Personal details
- Born: 8 February 1957 then Andhra Pradesh, India
- Died: 5 December 1994 (aged 37) Muzaffarpur, Bihar
- Spouse: Uma Devi
- Children: 2
- Occupation: Bureaucrat

= G. Krishnaiah =

Indian civil servant (1957–1994)

G. Krishnaiah (8 February 1957 – 5 December 1994) was an Indian Administrative Service (IAS) officer of the 1985 batch who was killed in Muzaffarpur, Bihar by the mob led by a few politicians. At the time of death in 1994, he was 37 years old and serving as the District Magistrate (DM) of Gopalganj district, the home district of the then CM Lalu Prasad Yadav.

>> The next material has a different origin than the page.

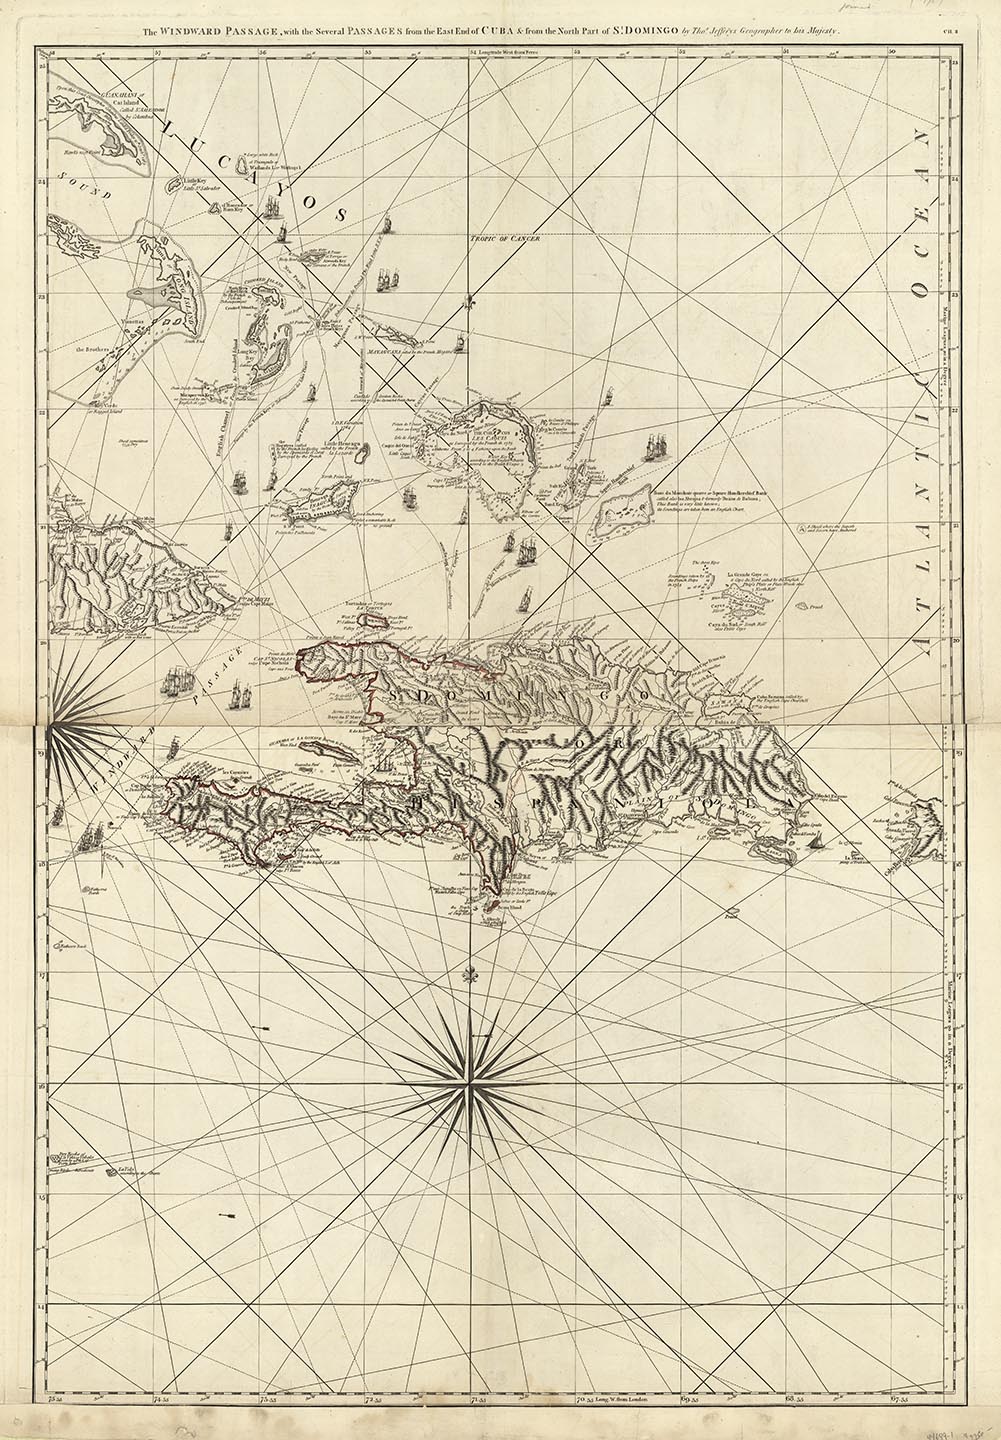 The Windward Passage, with several Passages from the east end of Cuba & from the north part of St. Domingo. (Bahamas, Turks and Caicos).

In memory of his death and service, a statue of him with a pen in pocket has been erected in Gopalganj.

== Early life ==
G. Krishnaiah was born in 1957 into a landless Dalit family in Mahbubnagar, Andhra Pradesh (present day in Telangana). His father worked as a coolie and Krishnaiah himself started off doing the same. He studied journalism, and later worked as a clerk before eventually joining the civil services.

==Death and aftermath==
In 2007 Patna District Court convicted six politicians for his killing. The politicians convicted include Anand Mohan Singh and his wife Lovely Anand (both ex-MPs), Vijay Kumar Shukla known as "Munna Shukla" (MLA), Akhlaq Ahmed and Arun Kumar (both ex-MLAs), Harendra Kumar (senior JDU leader) and SS Thakur. In April 2023, the Bihar government tweaked the prison manual, removing the rule that prevented early release for those convicted of killing public servants on duty. This change allowed the government to grant remission (basically, reducing the sentence) to 27 prisoners, including Anand Mohan Singh. The amendment sparked widespread controversy and criticism across India. The Bahujan Samaj Party (BSP) described the rule change as "pro-crime" and "anti-Dalit", while the Bharatiya Janata Party (BJP) accused Bihar Chief Minister Nitish Kumar of altering the prison manual to benefit Singh, a prominent Rajput leader. Additionally, legal experts and civil society members expressed concerns over the potential implications of such amendments on the justice system.